20 février 2013

Lorelei : Everyone must touch the stove

Everyone must touch the stove de Lorelei

Date : 1995
Producteur : Geoff Turner
Label : Slumberland

Bien campés sur leur position, les membres de Lorelei se font les serviteurs d’une musique tendue, complexe, sans cesse sur le fil. Aspirant à une certaine forme de légèreté et de rêverie, notamment de par leur chant, un peu apprêtée, voire forcée, ils n’hésitent pourtant pas à sortir des sentiers battues, à grand renfort de basse et de coupures de rythmes. Les guitares saturées ne sont là que de temps à autre pour souligner des climax, mais l’univers du morceau, c’est avant tout la section rythmique qui l’assure (l’étonnant « Today’s shrug »). 

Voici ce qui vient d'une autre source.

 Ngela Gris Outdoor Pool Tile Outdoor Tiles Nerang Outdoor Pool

On est très loin de l’indolence habituelle du shoegaze, ici, on casse les habitudes, on s’intéresse aux décalages, aux arythmies, aux improvisations. Le génial « Quiet Staid Debt », sa basse en avant, sa batterie sortie de l’école de jazz, son petit piano, indique clairement l’influence math rock, tout en gardant un attrait pour la puissance du shoegaze, en témoigne l’irruption de tempête sonore. Lorelei passe pour des intellectuels. Ils souhaitent avant tout expérimenter, quitte à se perdre, comme sur « Throwaway », tout en bruit blanc et collage, ou le spécial « Day », avec son piano de saloon. Cet album préfigure ce que certains groupes américains allaient faire par la suite en terme d’essais et de curiosité. L’intro avec percussions sur « Inside the crimelab » qui est une répétition krautrock d’un même motif, avant qu’une voix trafiquée ne crache au milieu de grésillements, rappelle un groupe comme Tortoise. 

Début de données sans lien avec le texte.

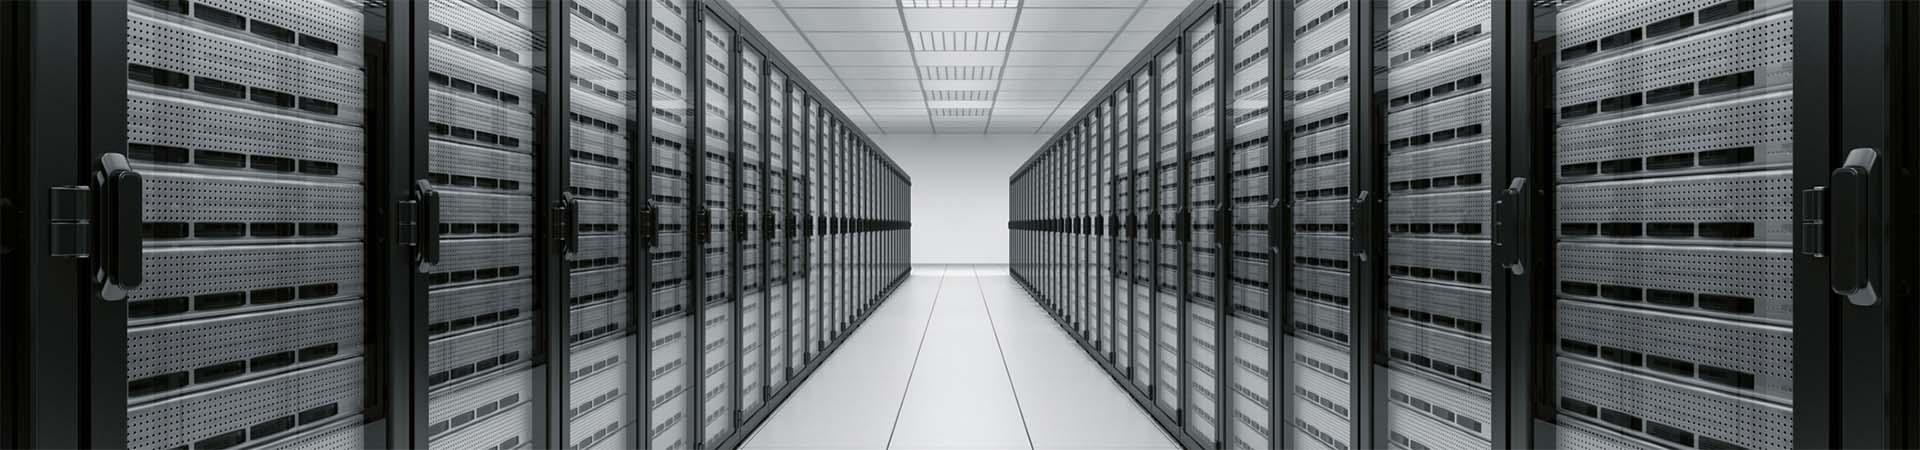 best vps hosting provider

En dehors de ces moments un peu torturés, Lorelei s’offre aussi des escapades vers une féérie plein d’allant et de violence. La basse new wave, voire gothique, de « Newsprint » qu’on croirait sorti des années 80, est une ode à l’imagination. L’arrivée de multiples guitares comme savait le faire si bien Kitchens of Distinction est un pur régal. Les coupures et les passages dream-pop sont autant de chausse-trappe. Les chants n’hésitent pas à sur-jouer le côté langoureux, en soufflant et insistant sur les reprises de respiration. Quant au magnifique « Pillar », sa guitare sèche, puis ses inondations de saturations, ses chœurs doucereux, est un vrai régal shoegaze pour conclure l’album en toute beauté.

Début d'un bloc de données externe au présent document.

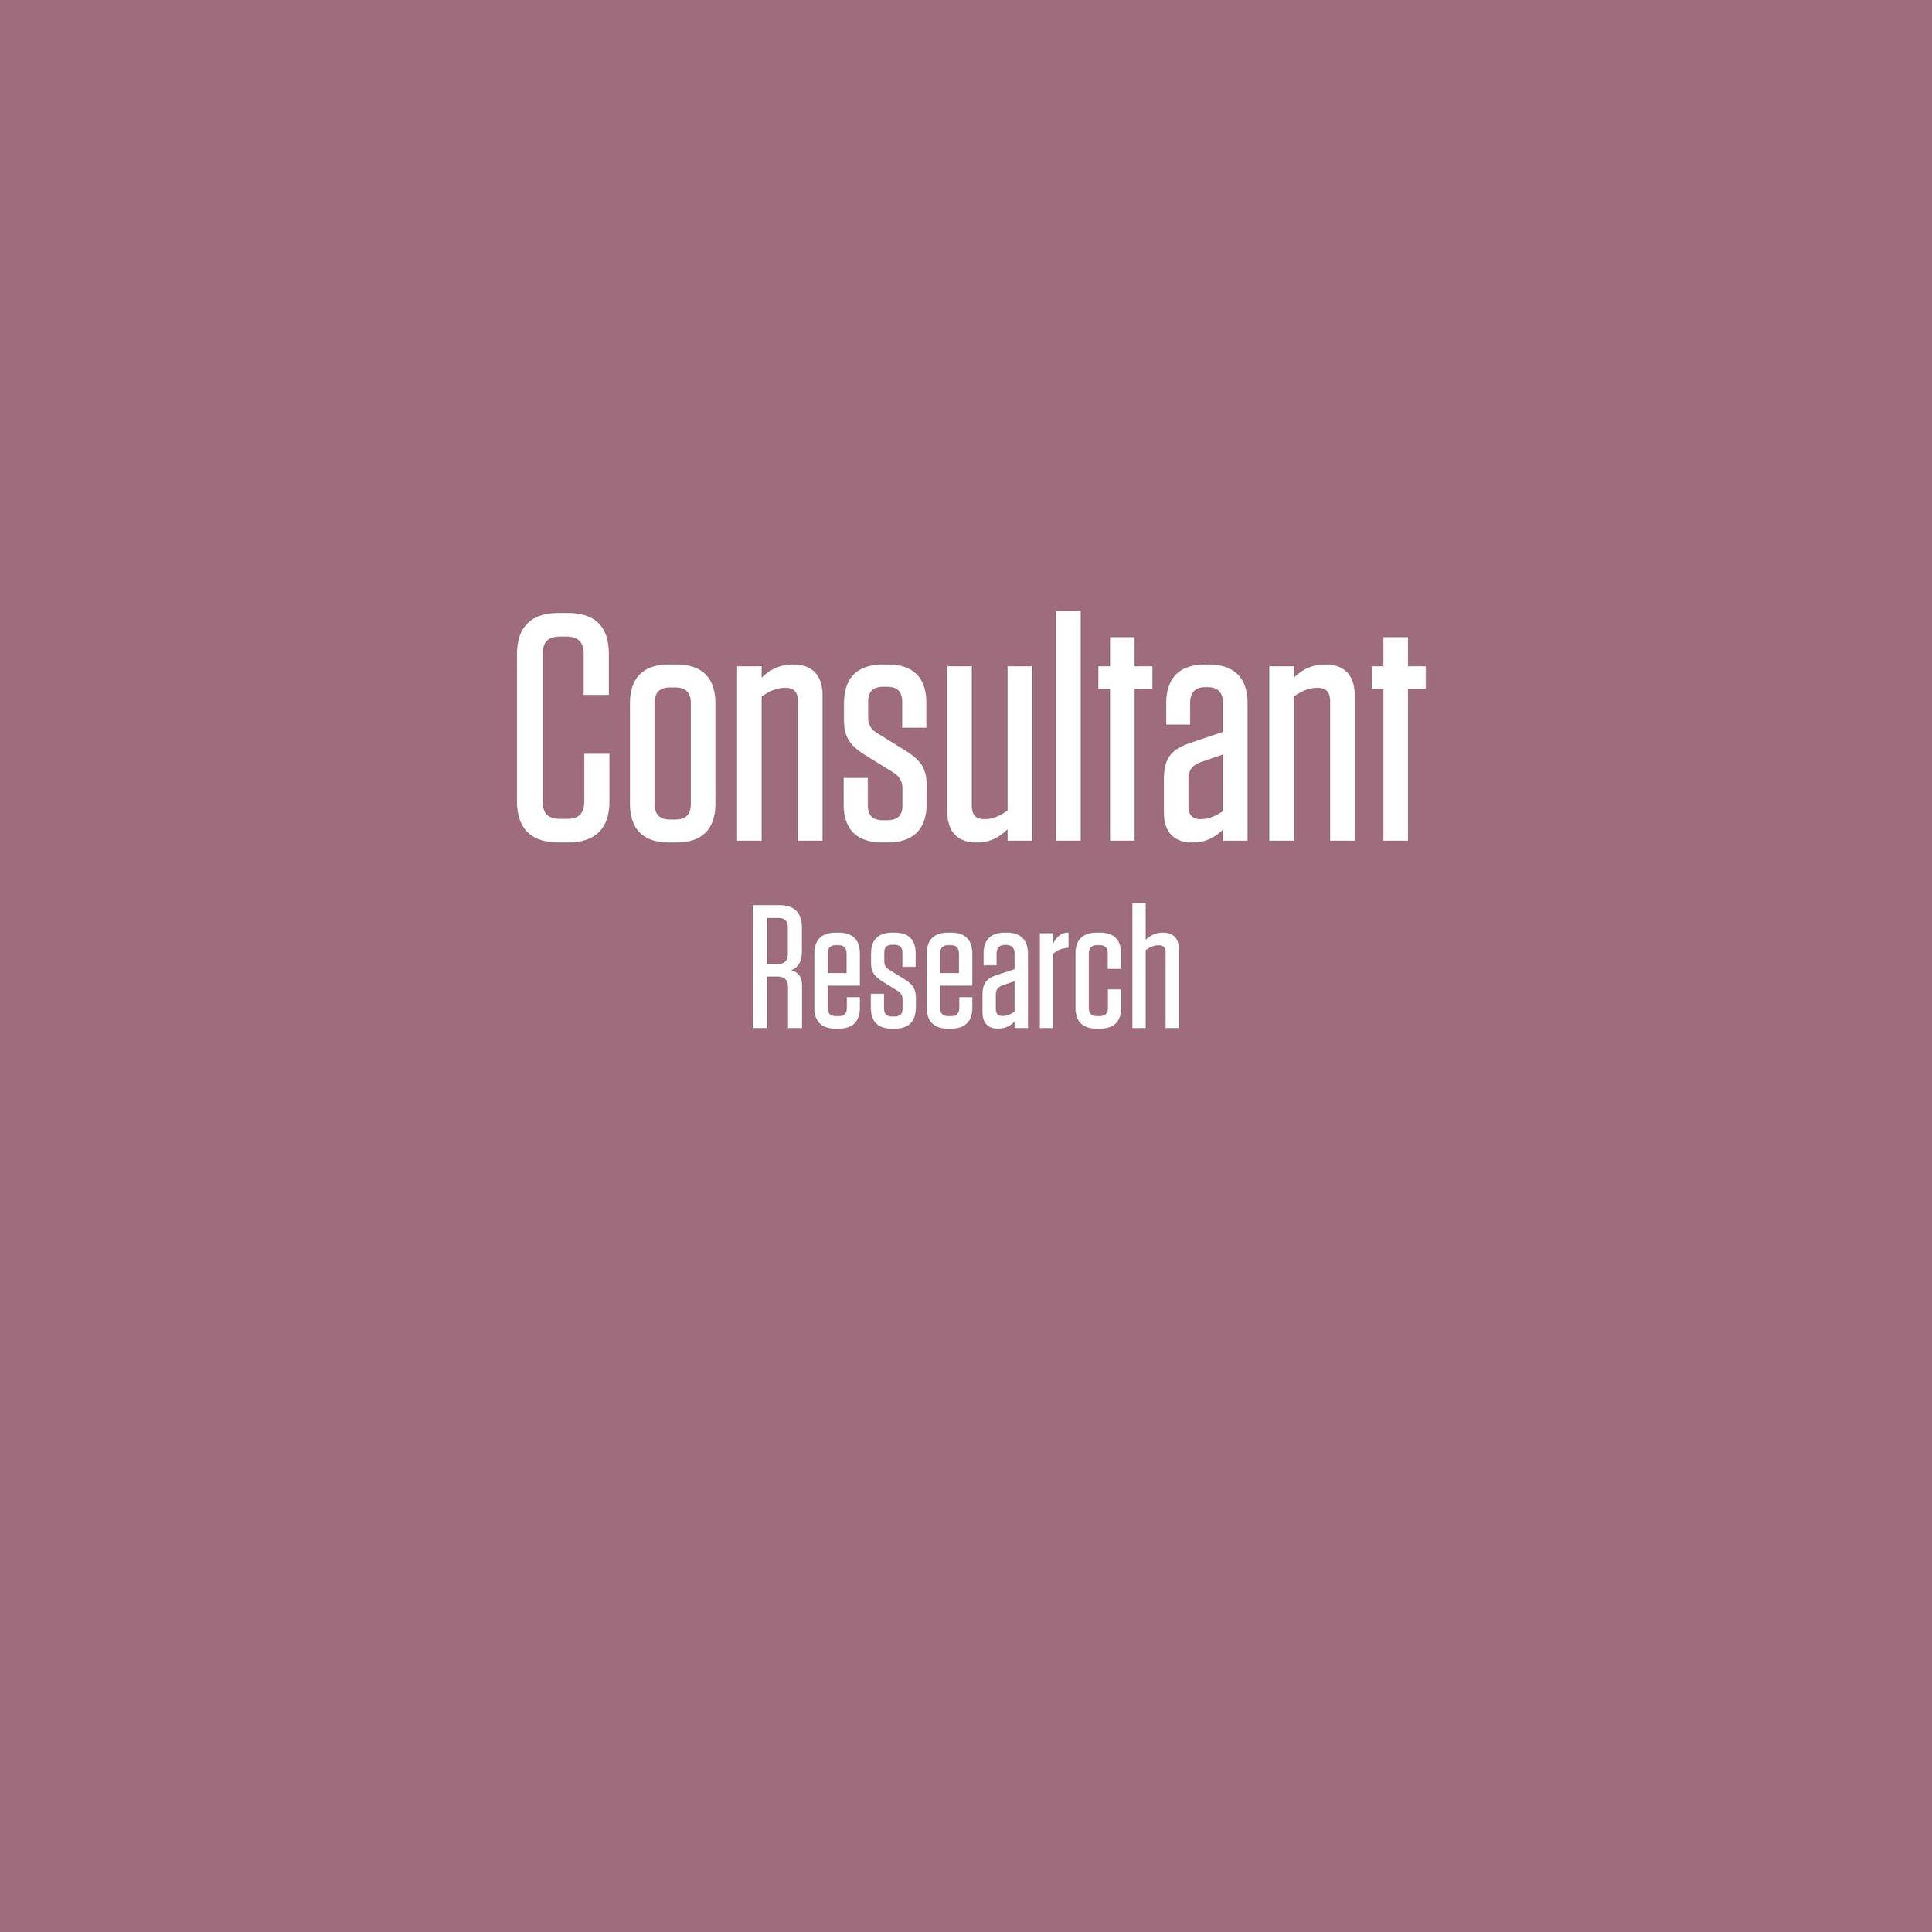 consultant.jpg

Au final, on reconnaîtra que Lorelei s’est refusé de se restreindre au cours de son premier essai. C’est certainement le groupe qui a le plus établi le lien entre le shoegaze anglais et le hardcore américain. Cela s’entend clairement sur « Stop what I you’re doing » ou le vrombissant « Thig for a leg », des vrais curiosités du genre.